Your response should be an exact transcription of the data, images excluded.

_DATA SEGMENT_:
######

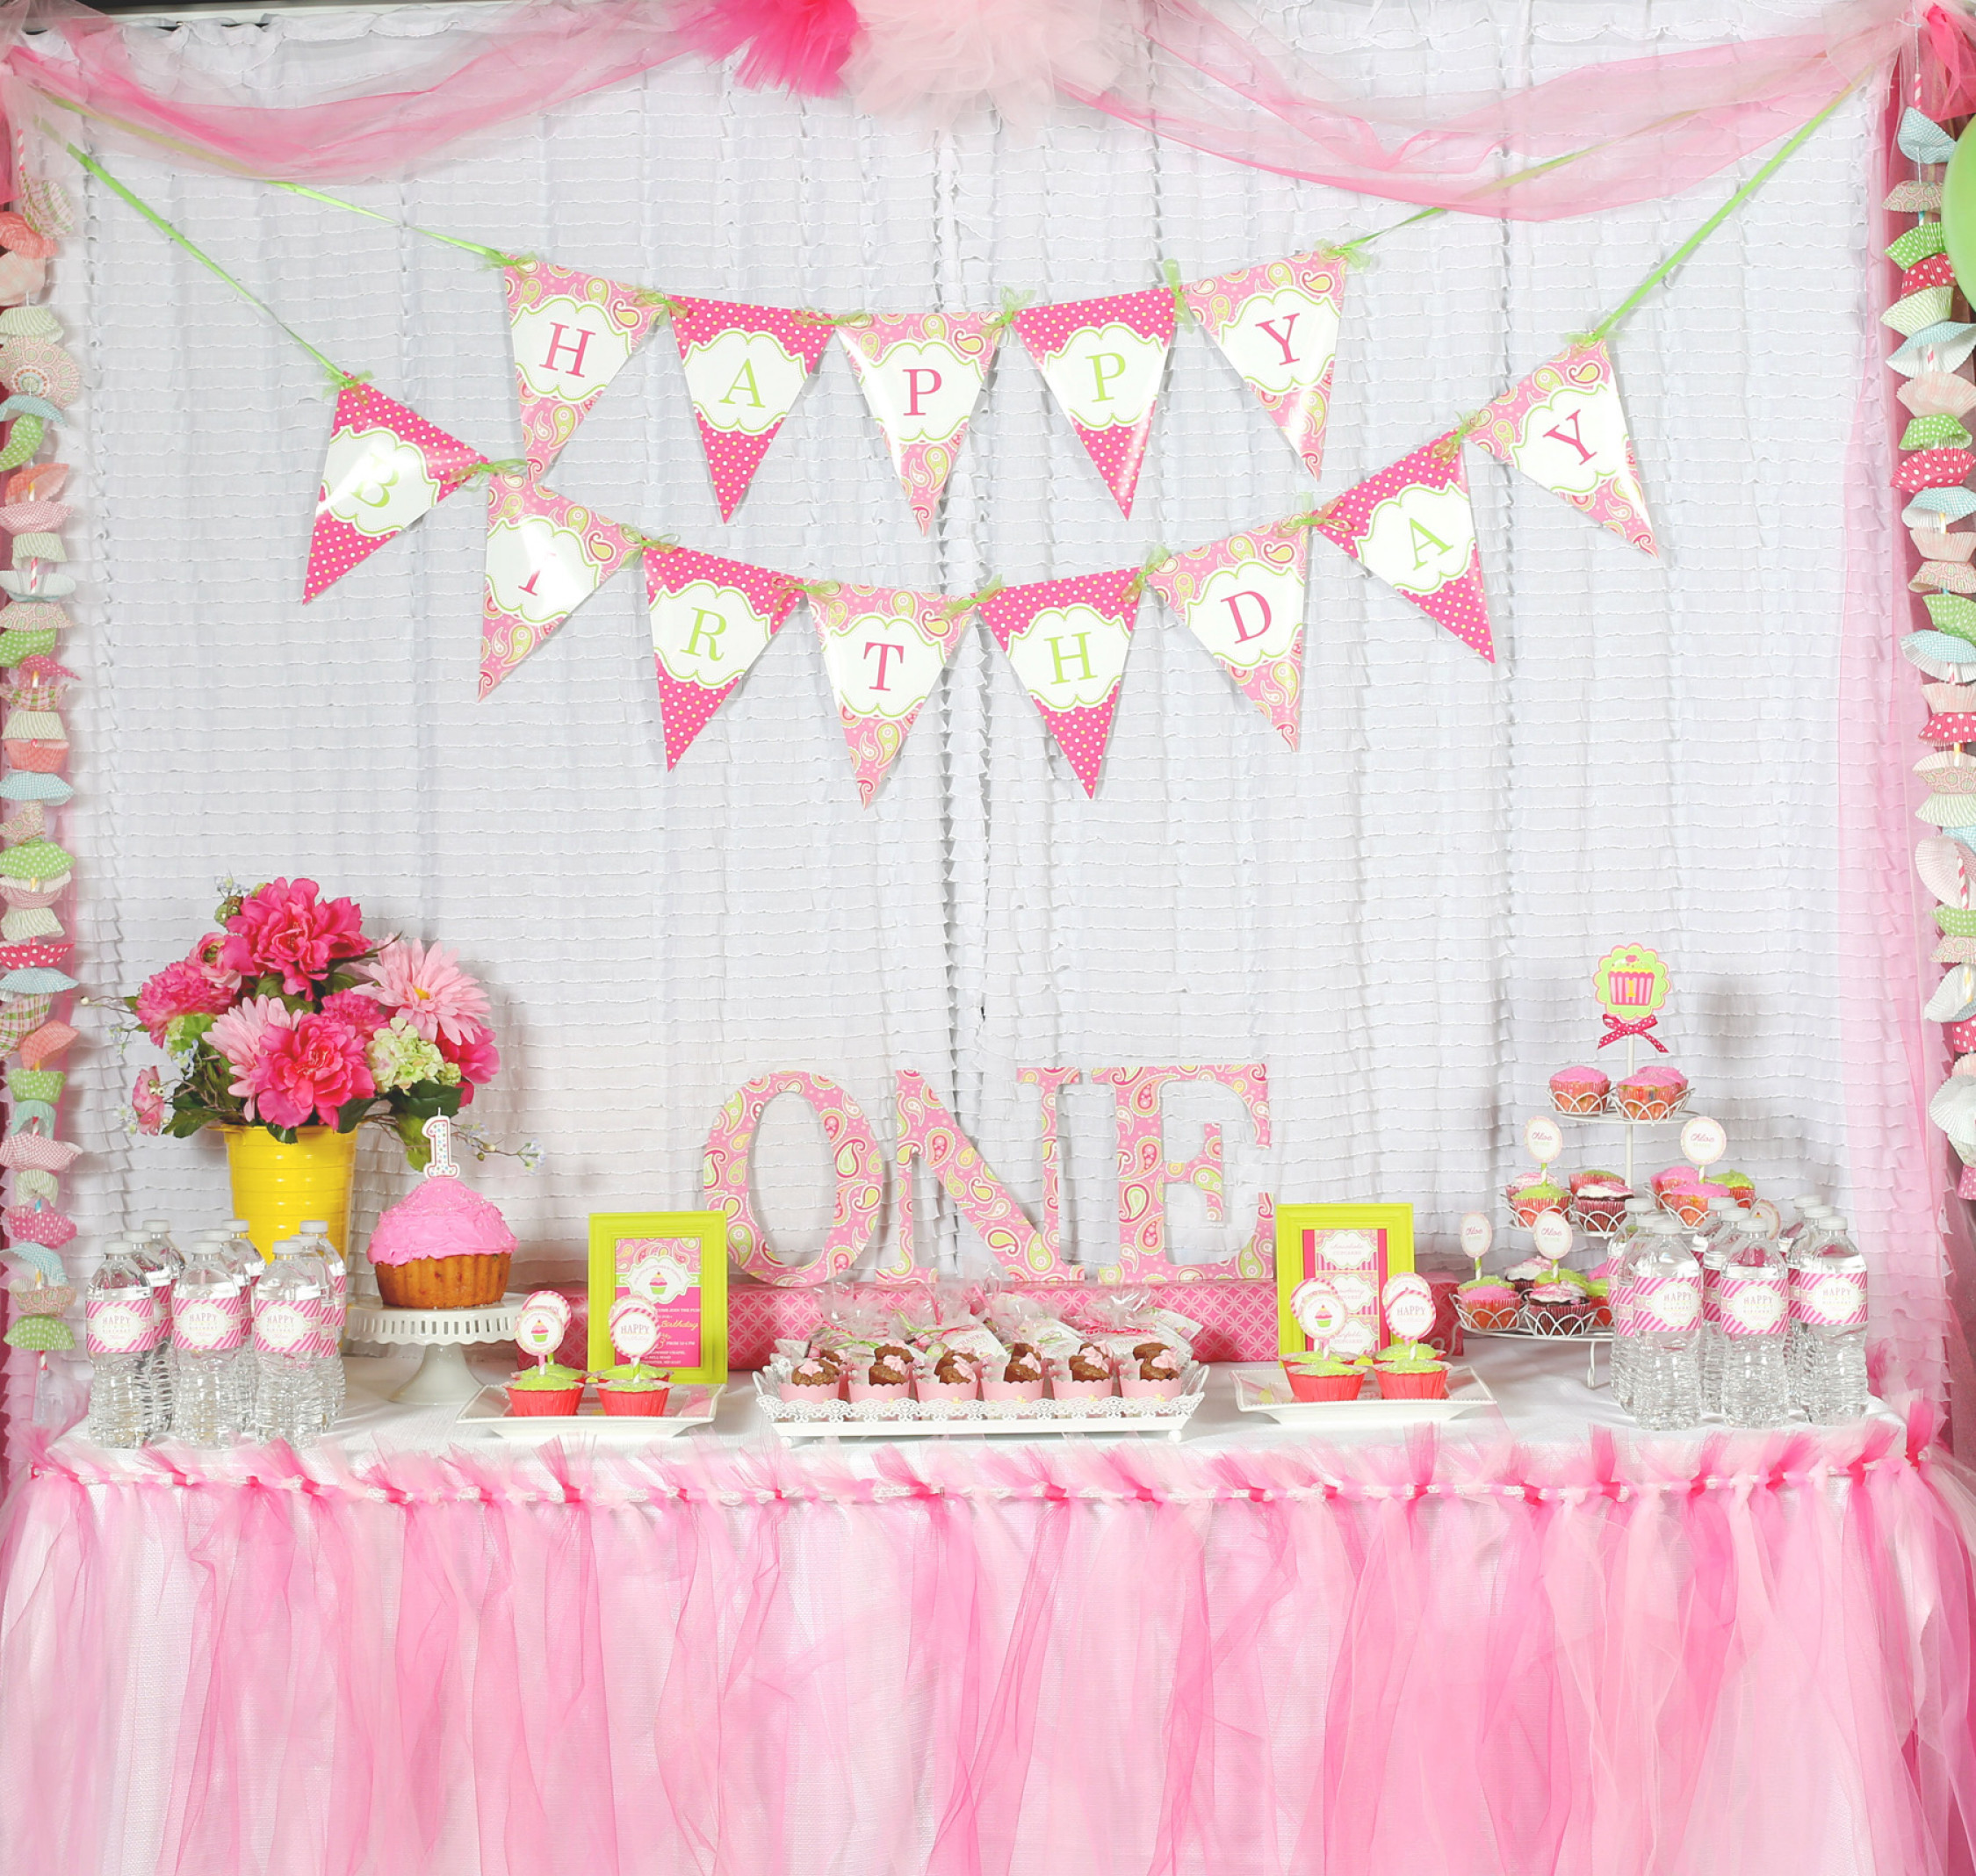 Girl Birthday Party Theme Ideas
 A Cupcake Themed 1st Birthday party with Paisley and Polka
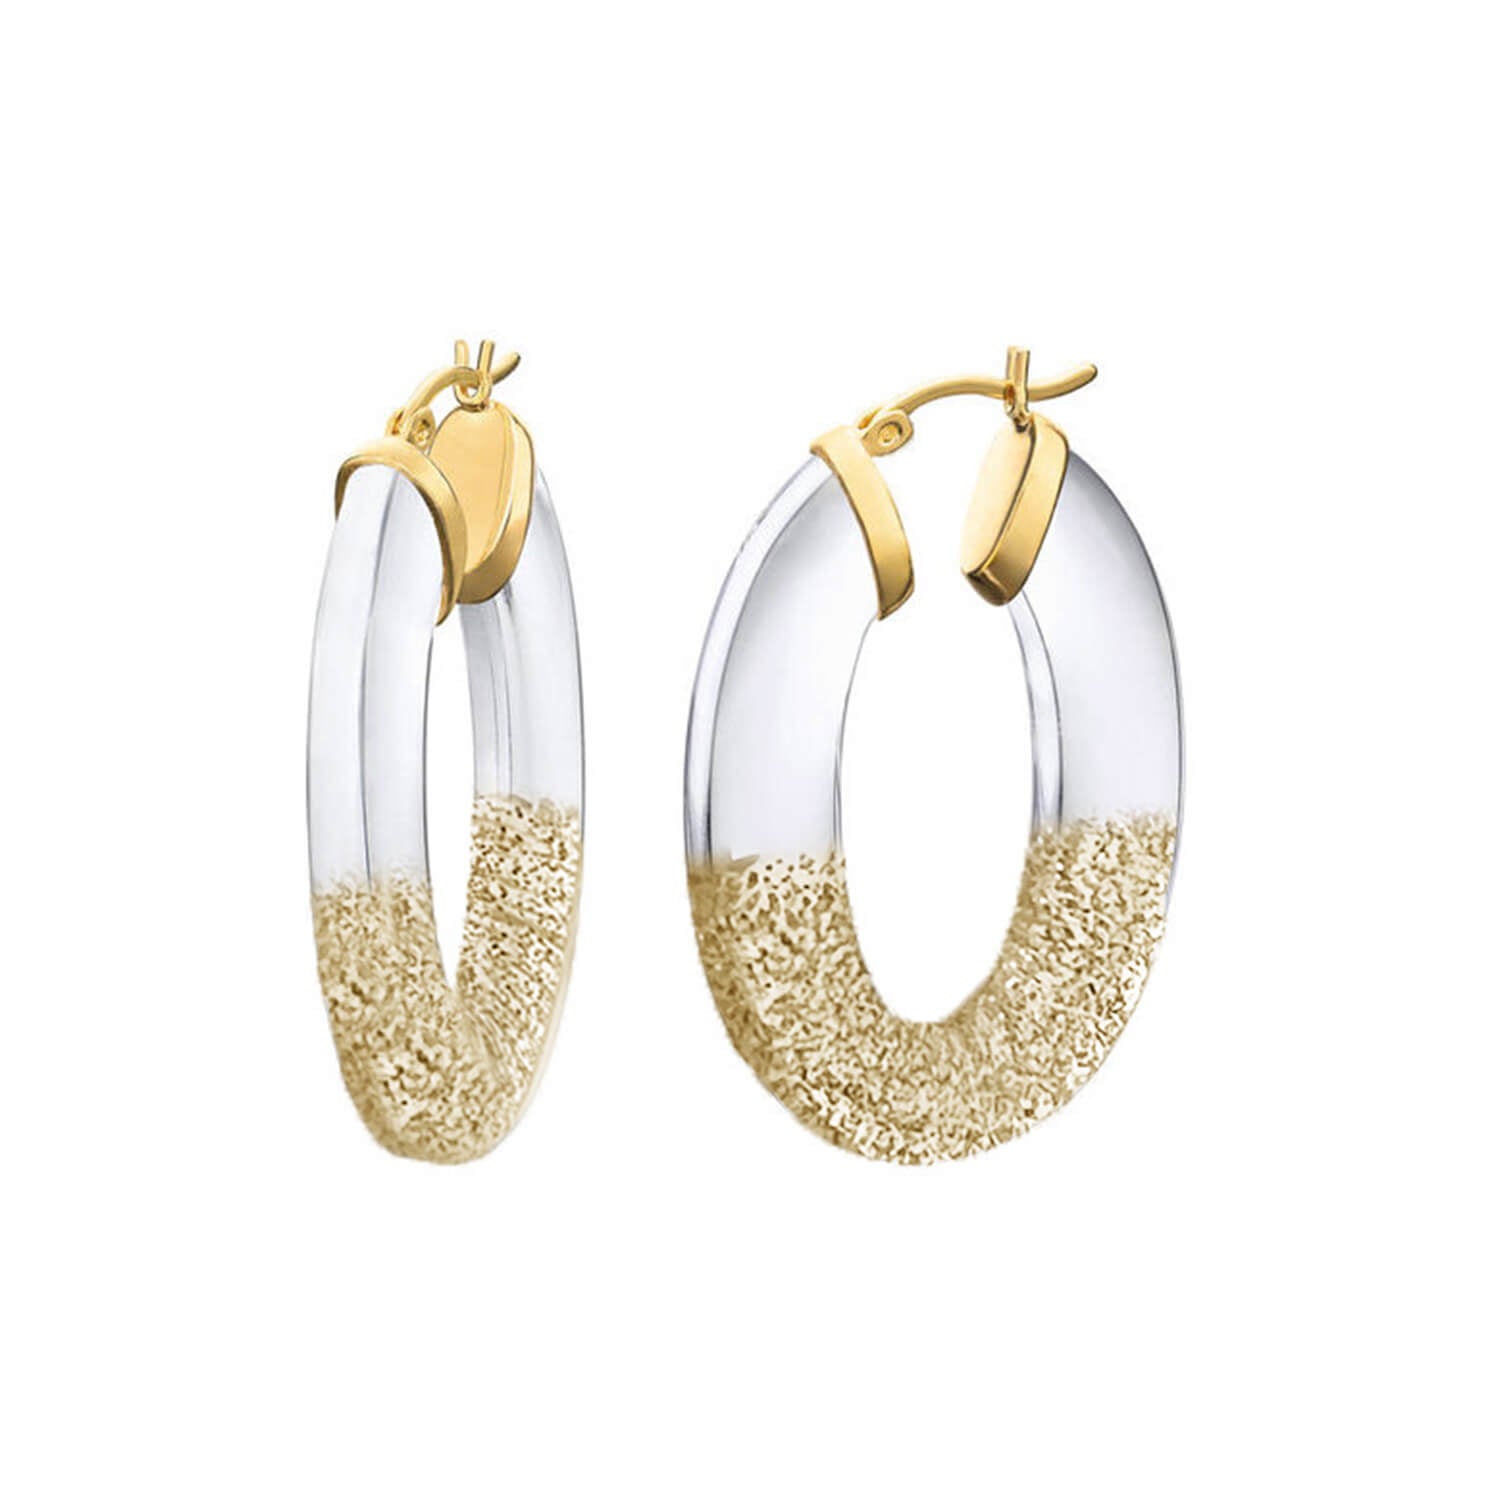 Clear Lucite Earrings with Gold Glitter

######

_RESPONSE_:
 Girl Birthday Party Theme Ideas
 A Cupcake Themed 1st Birthday party with Paisley and Polka
 Clear Lucite Earrings with Gold Glitter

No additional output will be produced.